Die Datenschutzgrundverordnung läutet das Ende der Privatsphäre ein.

Datenschutz betrifft uns alle. Seit knapp einem Jahr mehr denn je. Ob Einkauf oder Arztbesuch: Wir müssen die Aushändigung unserer Daten quittieren. Gleichzeitig rüsten wir uns mit mobilen Wanzen aus und geben alles in Netzwerken preis. Die meisten Menschen warten nicht mehr auf weitere Bespitzelungs-Vorstöße seitens des Staates und der Instutitionen; sie geben alles freiwillig preis. Das menschliche Leben wird so zu einer komplett öffentlichen Veranstaltung in einer Gesellschaft der Voyeure und Exhibitionisten.

Mein bürgerliches Leben als Arbeitnehmer verbringe ich in der Verwaltung eines Krankenhauses. Datenschutz ist ja von jeher ein großes Thema im Gesundheitswesen. Die Datenschutzgrundverordnung (DSGVO) hat aber freilich auch dort für mehr Papieraufwand gesorgt. Das Arztgeheimnis ist empfindlich, geraten Daten in falsche Hände, kann das unangenehm bis teuer werden. Um sich abzusichern, holt jeder vorab allerlei Unterschriften zur Erlaubnis der Datenübermittlung ein. Ob nun Arztbericht oder Reha-Antrag: Die Daten eines Patienten gehören zunächst ihm. Falls er sie zur Behandlung abtreten muss, heißt das für ihn: Unterschreiben, unterschreiben und — ja genau — unterschreiben.
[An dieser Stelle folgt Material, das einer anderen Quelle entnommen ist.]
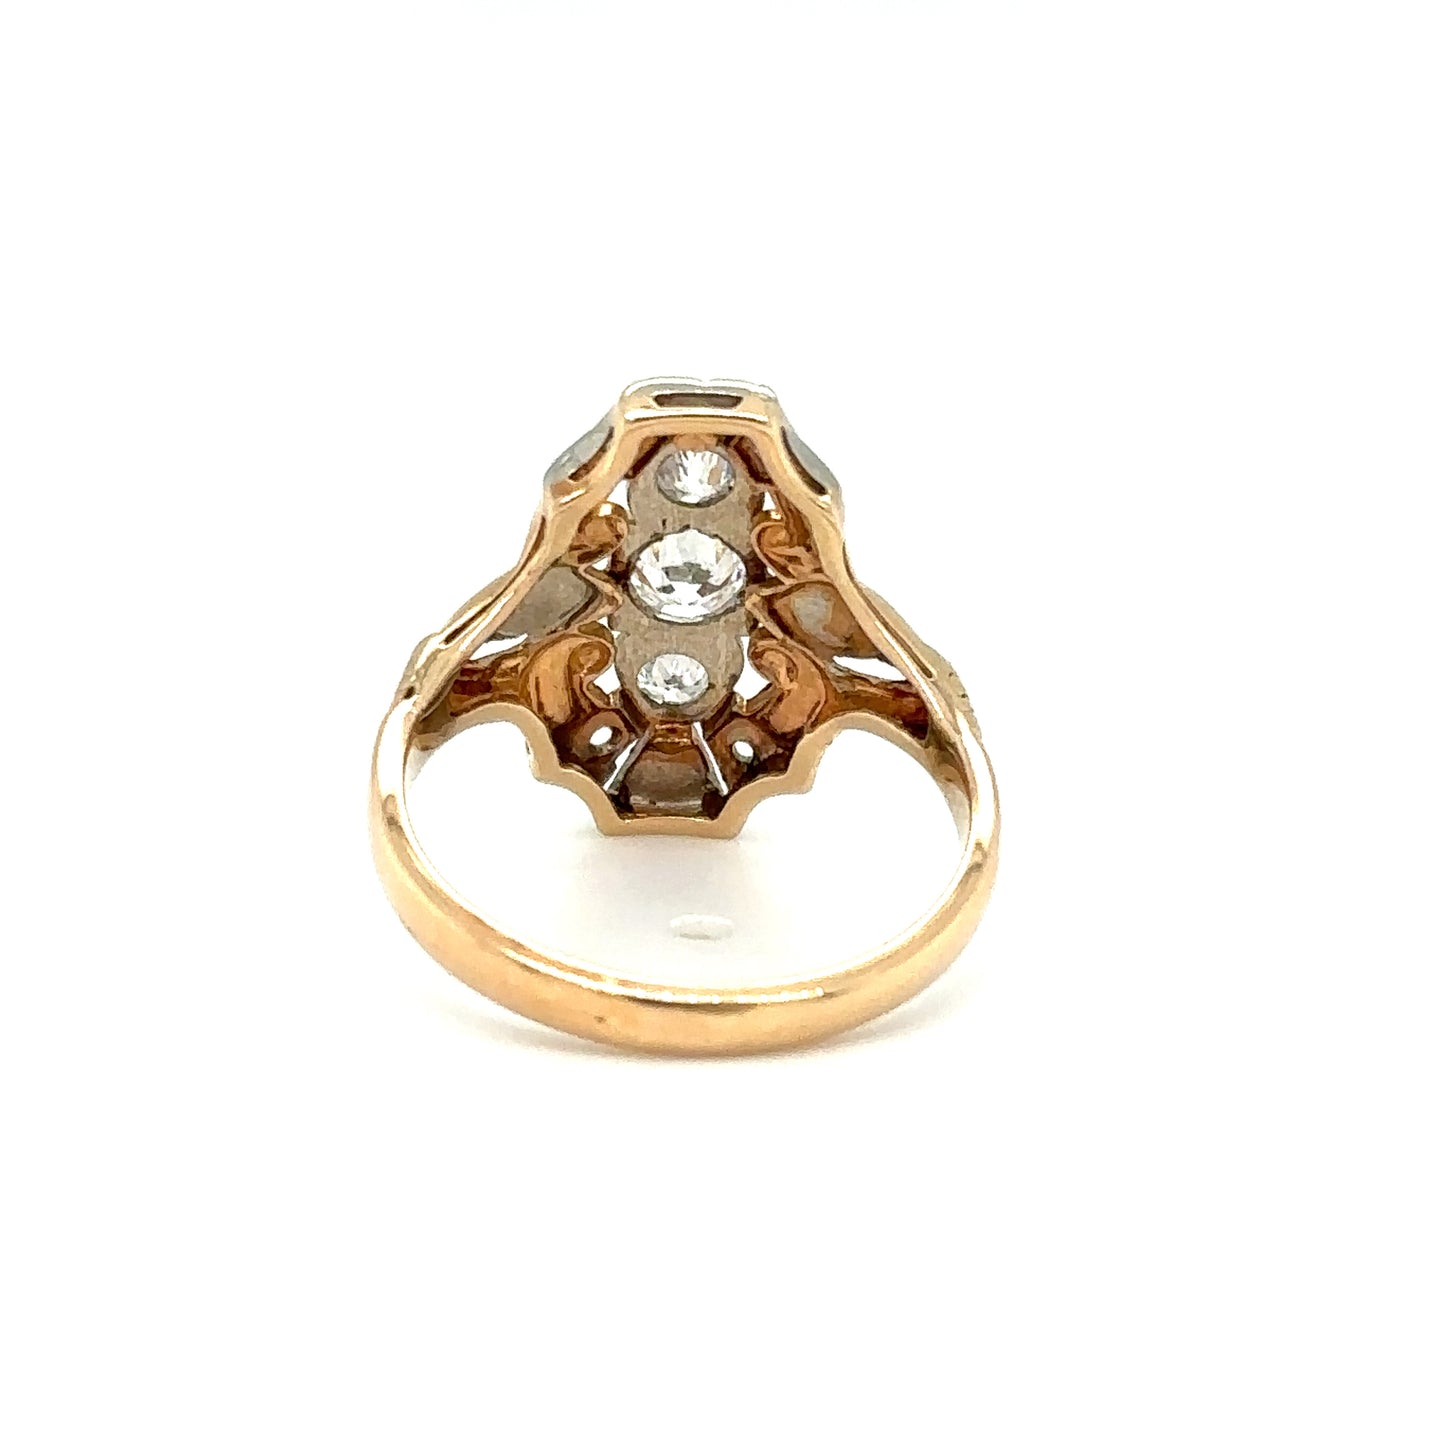 Circa 1920s Art Deco 0.70 CTW Diamond Ring in Two Tone 14K Gold

Natürlich gab es vorher schon Entbindungen vom Datengeheimnis. Aber seitdem im Mai 2018 die Datenschutzgrundverordnung den totalen Datenschutz deklarierte, nicken viele von denen, die in mein Büro kommen, ziemlich verschwörerisch, wenn wir in medias res gehen. So als wüssten sie darüber Bescheid, dass wir uns nun im Datenschutzzeitalter befinden. Seit die DSGVO aktiviert ist, muss ich ihnen nur sagen, dass da unten noch ein Passus mit einer Datenschutzerklärung ist, schon kritzeln sie ihren Otto drunter. Rückfragen? Durchlesen? Das kommt selten vor. Noch weitaus seltener als vorher, als die Grundverordnung noch ein Papiertiger aus Brüssel war.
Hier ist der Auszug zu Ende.